Generally, the slower the conveyor speed, the better the accuracy. Adding a scale to the conveyor system provides accurate weight data; however, it also limits the top speed of the conveyor.

Gathering dimensional and weight data for packages is just the start. The carrier must recover the actual shipping cost by billing the customer. To do this, however, the dimensioner must be certified by a government agency—National Type Evaluation Program (NTEP) in the U.S., Measurement Canada in Canada, and the International Organization of Legal Metrology (OIML) in Europe.

NTEP is a cooperative program between the National Conference on Weights and Measures (NCWM), the National Institute of Standards and Technology (NIST), the states and the private sector. Through twelve participating laboratories, NTEP evaluates the performance, operating characteristics, features, and options of weighing and measuring devices against the requirements of NIST Handbook 44, Specifications, Tolerances, and Other Technical Requirements for Weighing and Measuring Devices. Devices meeting NTEP requirements receive a Certificate of Conformance indicating that they meet applicable requirements for commercial weighing and measuring equipment in the US.

Measurement Canada is an agency of Industry Canada that oversees programs and services to evaluate and certify the accuracy of measuring equipment.

The U.S. and Canada have signed a Mutual Recognition Agreement for certain weighing devices and recognize each other's type evaluation results for:

  • Electronic weight indicating elements (except those that are software based, i.e. programmed by downloading parameters).
  • Electronic computing and noncomputing bench, counter, floor and platform scales up to 1,000 kg (2,000 lb) capacity
  • Weighing/load receiving elements with capacities up to 1,000 kg (2,000 lb)
  • Mechanical scales with capacities not exceeding 10,000 kg (20,000 lb)

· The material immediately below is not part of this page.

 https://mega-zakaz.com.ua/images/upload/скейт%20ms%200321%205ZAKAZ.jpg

Each agency issues its own document upon successful completion of testing.

OIML is a worldwide organization whose aim is to harmonize the regulations and metrological controls of its member states. It oversees the implementation of OIML R, which specifies the metrological and technical requirements for measuring instruments that determine the dimensions or volume of an object in order to calculate charges for postage, freight, or storage.

The dimensioning instruments can be used in conjunction with a weighing instrument. In this case, the volume is usually calculated. A conversion factor is applied, and the resulting dimensional weight compared to the actual weight to determine charges. OIML R also includes approval, verification and test procedures.

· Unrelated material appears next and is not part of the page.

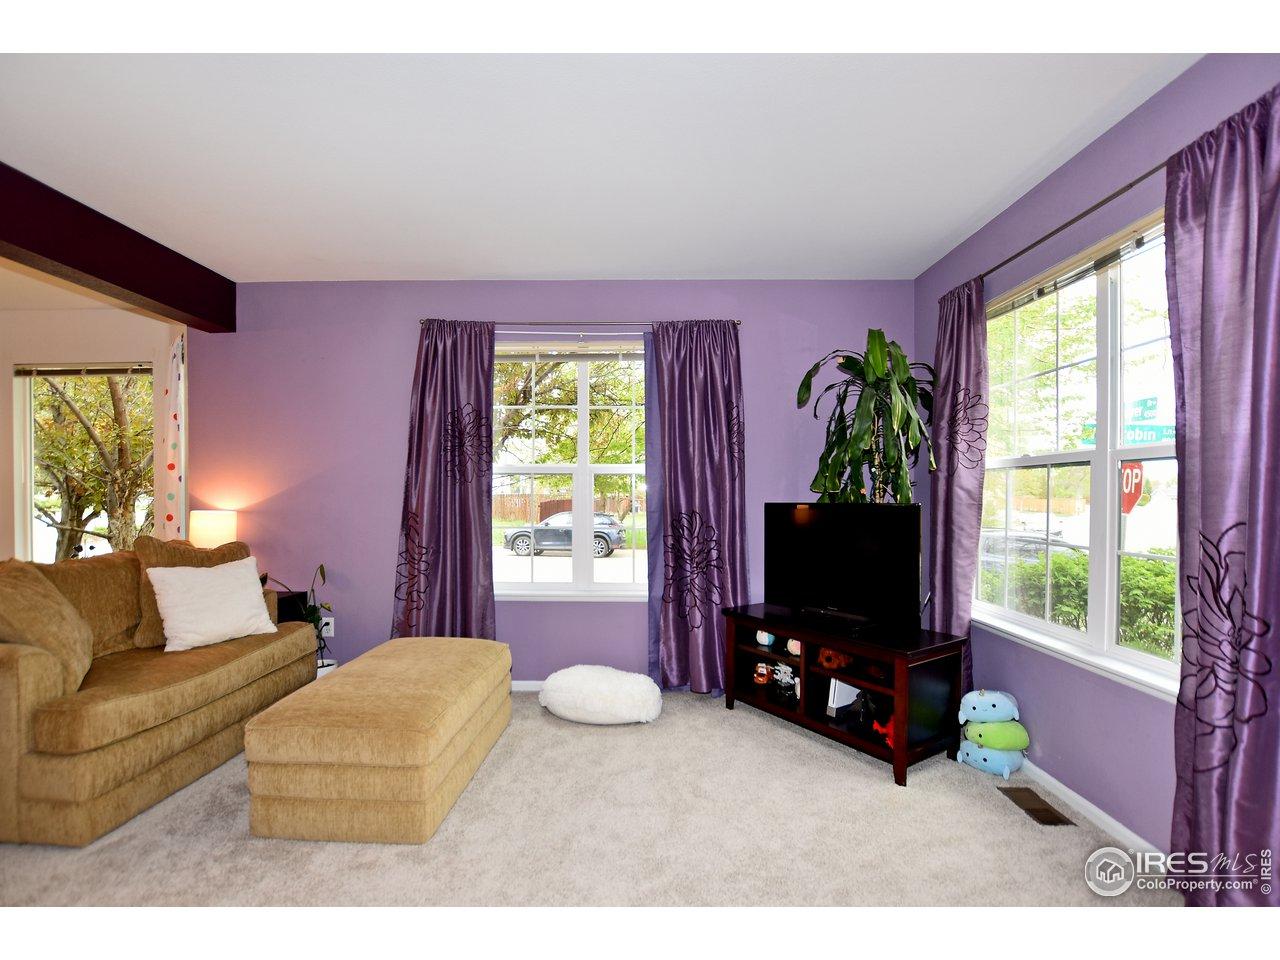 Great natural light illuminates the living room.

The requirements of NTEP, Measurement Canada and OIML differ slightly; so a dimensioner or weigh scale meeting the requirements of one certifying body may or may not meet the requirements of the others.

Equipment meeting the applicable requirements is certified as being best in class for any "legal for trade" applications, and the data they generate can be used for billing purposes.

A typical in-line automated dimensioning and weighing system contains a dimensioner, bar code scanner and scale.